Malgré un résultat net très inférieur aux prévisions des analystes sur les six premiers mois de l’année 2026, l’entreprise suisse s’appuie sur le redressement de ses ventes amorcé au printemps pour anticiper un second semestre nettement plus rentable.
Le groupe Swatch accuse le coup au terme du premier semestre 2026. L’horloger suisse a fait part d’un bénéfice net de 16 millions de francs suisses (environ 17 millions d’euros), concédant un repli de 5,8 % sur un an. Ce résultat s’inscrit très en deçà des estimations publiées par l’agence suisse AWP, dont le consensus d’analystes visait en moyenne un résultat net de 95 millions de francs.
En revanche, l’activité commerciale s’est révélée plus soutenue que prévu. Le chiffre d’affaires semestriel s’élève à 3,1 milliards de francs suisses (contre 3 milliards attendus), marquant une progression de 2 %. A devises constantes, la hausse des ventes atteint 8,5 %.
La production pèse sur la rentabilité
L’entreprise, à la tête de marques comme Omega, Longines ou Tissot et également fournisseur de pièces d’horlogerie (cadrans, aiguilles), explique le fléchissement de ses profits par la charge pesant sur son outil industriel. Elle souligne toutefois la vigueur des ventes au détail, qui touche l’ensemble des gammes de prix.
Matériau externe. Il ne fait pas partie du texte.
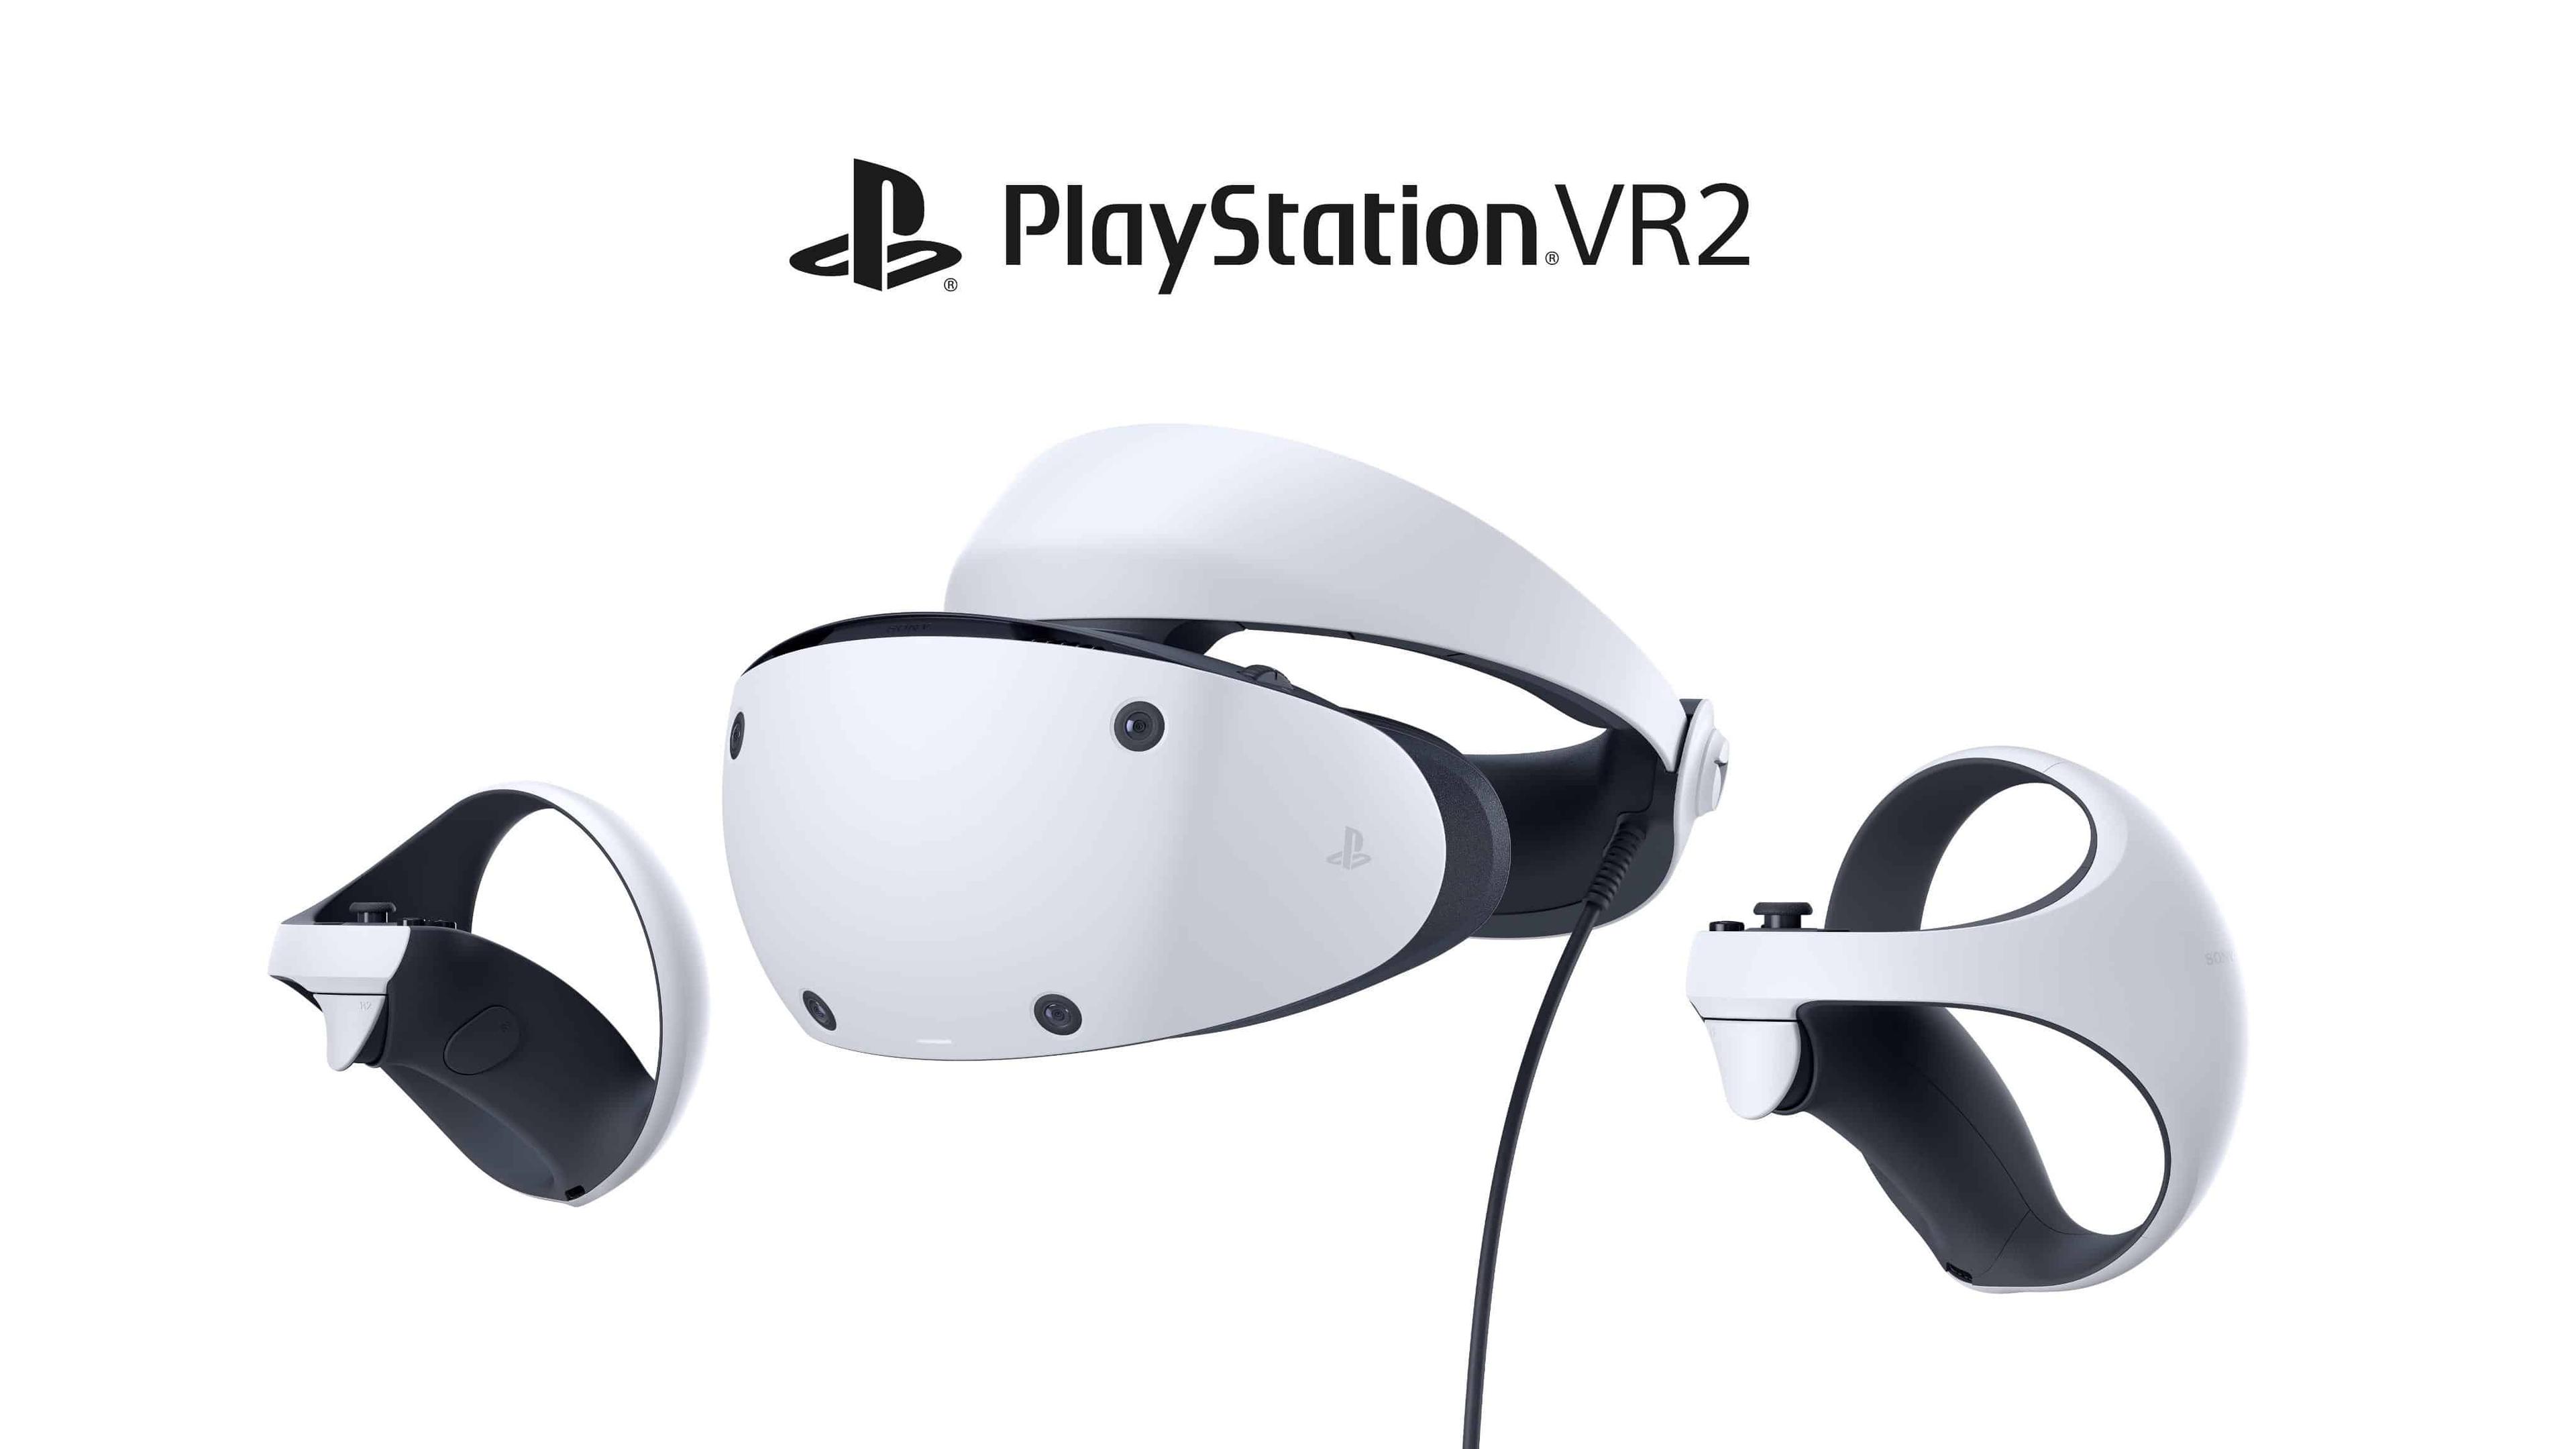 PlayStation VR2 Finally Launched in India after 10 months, Priced
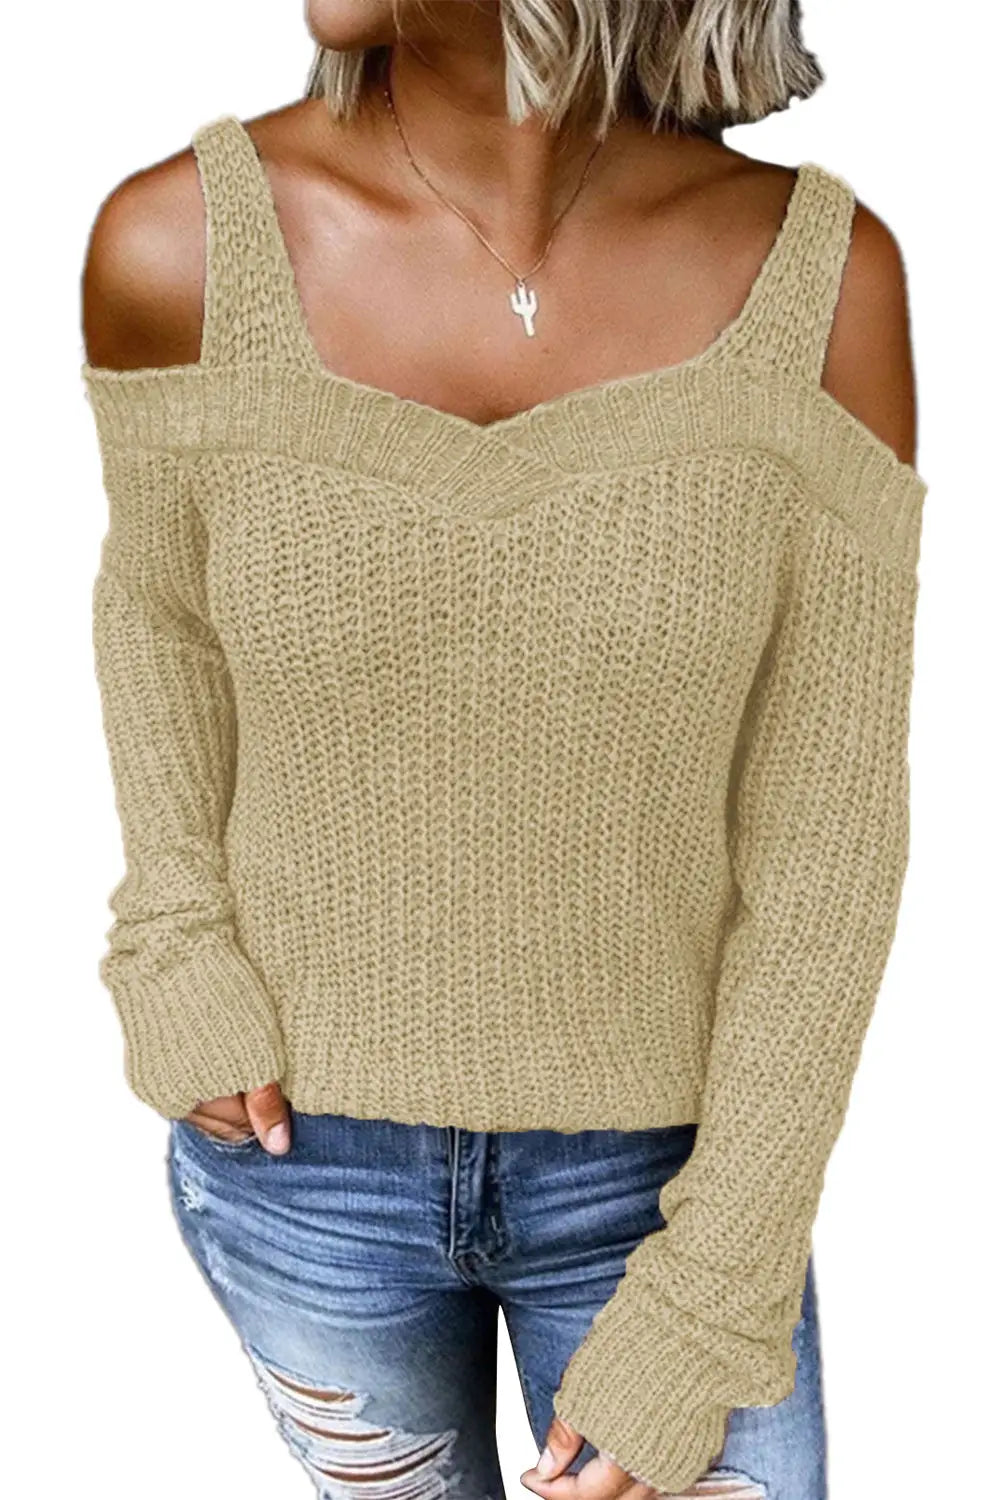 White dew shoulder knitted sweater - sweaters & cardigans

Sur le plan géographique, les performances sont portées par les États-Unis, où l’activité montres et joaillerie bondit de 27 %. Sur la zone Chine, Hong-Kong et Macao, la croissance atteint 9 % au sein du réseau de boutiques en propre, bien que les commandes venant des détaillants indépendants soient restées discrètes.
Un élan commercial entretenu par les lancements
Le groupe a notamment bénéficié de l’engouement suscité en mai par la Royal Pop, un modèle né d’un partenariat entre Swatch et Audemars Piguet. Le lancement a généré d’importants rassemblements devant une vingtaine de points de vente, nécessitant par endroits l’intervention des forces de l’ordre pour réguler la foule.
S’appuyant sur l’accélération constatée depuis mai et confirmée en juillet, la direction estime que la hausse des volumes va permettre d’optimiser l’utilisation des usines et d’assurer un redressement sensible des marges lors de la seconde moitié de l’année.